Trade The Journey

Trade The Journey

Happy Thanksgiving!!!

Happy Thanksgiving to all in the trading community! As we enjoy this holiday period, I’ll keep this post brief, akin to the shortened trading week we’re experiencing. Tomorrow is not just a day for Thanksgiving leftovers but also my birthday, an opportune time for me to lay out my plans for the coming year. Reflecting on my last birthday, spent in a San Diego hotel, I decided to commit to weight loss. To date, I’ve successfully lost forty pounds through a stringent diet and rigorous exercise regimen.

For the upcoming year, my focus will shift towards enhancing my personal life. I believe this will have a positive ripple effect on my trading performance. The current imbalance between work and leisure, with the scales tipped heavily towards trading, needs addressing. Though I relish the analytical challenges and the financial gains trading offers, achieving a healthier work-life balance is now a priority.

This past week has been relatively quiet in terms of economic data and earnings reports, with Nvidia being the notable exception. Their earnings and forward guidance were impressive. Next week, however, we’re bracing for a significant influx of economic data:

  • Monday: New Home Sales
  • Tuesday: Consumer Confidence
  • Wednesday: GDP – Second Estimate, Advanced Retail/Wholesale Inventories, Fed Beige Book
  • Thursday: Initial Claims, PCE, Pending Home Sales
  • Friday: ISM Manufacturing, Construction Spending

Economic Data: Conference Board Leading Indicators
The Leading Economic Index (LEI) has declined by 0.8%, with a 3.3% decrease over the past six months. Factors like tightened consumer spending and the looming resumption of student loan payments are contributing to the forecast of a minor recession. Non-financial components, particularly consumer expectations and ISM new orders, led the decline in the LEI. However, there are positives too, like the growth in manufacturer’s new orders for both consumer and capital goods, and an increase in building permits for private housing. Financially, the S&P 500 showed resilience, but the interest rate spread remains inverted, signaling caution.

The coincident economic index (CEI) rose by 0.9%, but industrial production showed a decline. Other components like payroll employment and manufacturing and trade sales saw increases. The lagging economic index (LEI) also recorded a slight increase of 0.1%.

FED Minutes
The Federal Reserve’s minutes didn’t significantly impact the market as their stance was mostly anticipated. The Fed continues to be cautious and data-dependent, with a moderated outlook for Q4. The return to the 2% inflation target is projected for 2026, contingent on the balancing of labor and product markets. The Fed acknowledged several downside risks, including tighter credit conditions and the potential for a government shutdown, but remains committed to its current policy stance.

Durable Goods Reports: October
There was a notable 5.4% drop in new orders for durable goods, highlighting the sector’s volatility. Excluding defense, the decline was even steeper at 6.7%. The transportation equipment sector particularly experienced a significant downturn in new orders and shipments.

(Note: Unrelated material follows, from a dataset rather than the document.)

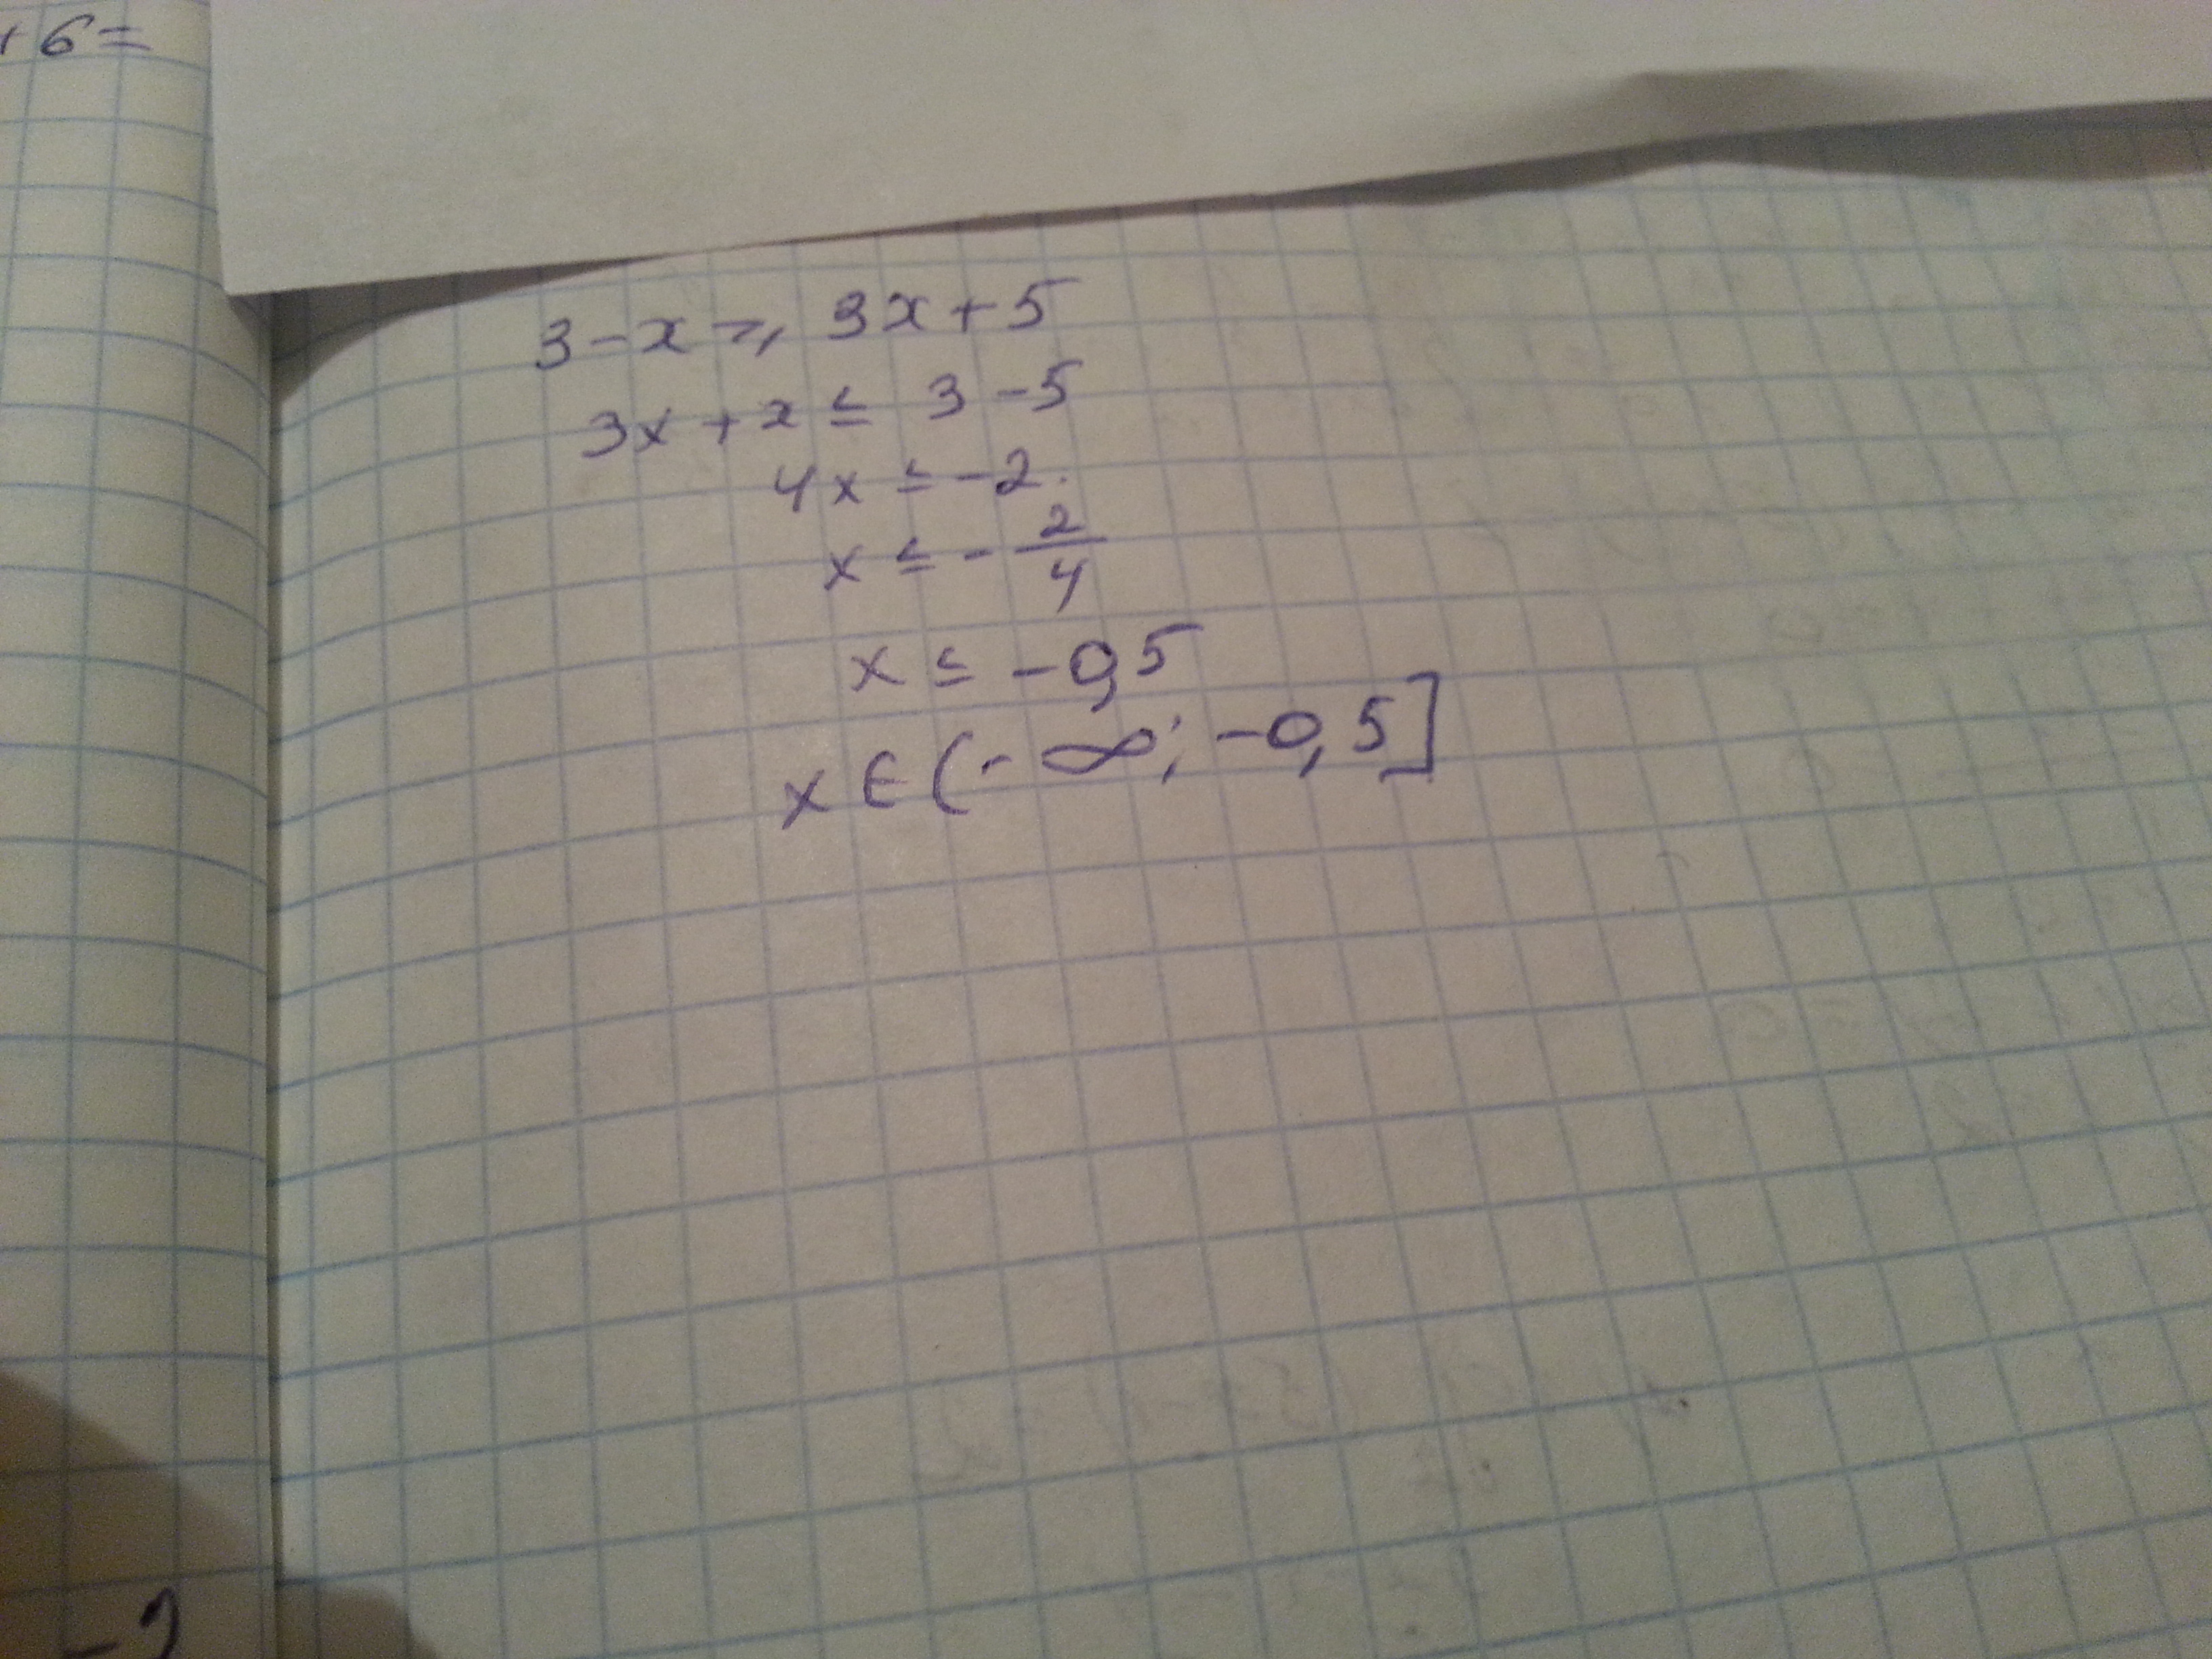 3х 5 х 5 равно 1 х. 3x-(x-3)<=5x. Укажите решение неравенства -3-5x< x+3. 3-X 3x+5 решение неравенства. 3-X>3x+5 укажите решение.

Initial Claims: The Previous Week
Initial jobless claims were better than expected, decreasing to 209,000, with continuing job claims also declining. This indicates continued strength in the labor market, a crucial factor for consumer spending and overall economic health.

MBA Weekly Index: Previous Week
Mortgage application volume increased by 3%, with both refinance and purchase indices showing growth. This is likely a response to the lower bond yields leading to reduced mortgage rates. The average loan size for purchase applications was $403,000. The average rate for a 30-year fixed rate conforming loan declined twenty basis points to 7.41%. The average rate for a 30-year fixed rate umbo loan declined fourteen basis points to 7.41%.

This past week’s cash flow report:

This past week marked a period of positive financial progress. I successfully augmented my savings account, demonstrating fiscal discipline by refraining from making unnecessary purchases that would have otherwise increased my credit balance. Currently, my primary objective is to bring my credit balance to a more manageable level, recognizing the significance of maintaining accessible credit for future financial endeavors.

In terms of managing my finances, I have adopted a systematic approach to saving. Upon receipt of my paycheck, I allocate a predetermined amount to my savings, ensuring consistent financial growth. The remaining balance is then carefully saved with the arrival of the subsequent paycheck. This method is reflective of a principle highlighted in the book “The Richest Man in Babylon,” which emphasizes the importance of ‘Paying Yourself First’ as a foundational step in wealth accumulation. This strategy has proven effective in enhancing my overall financial position.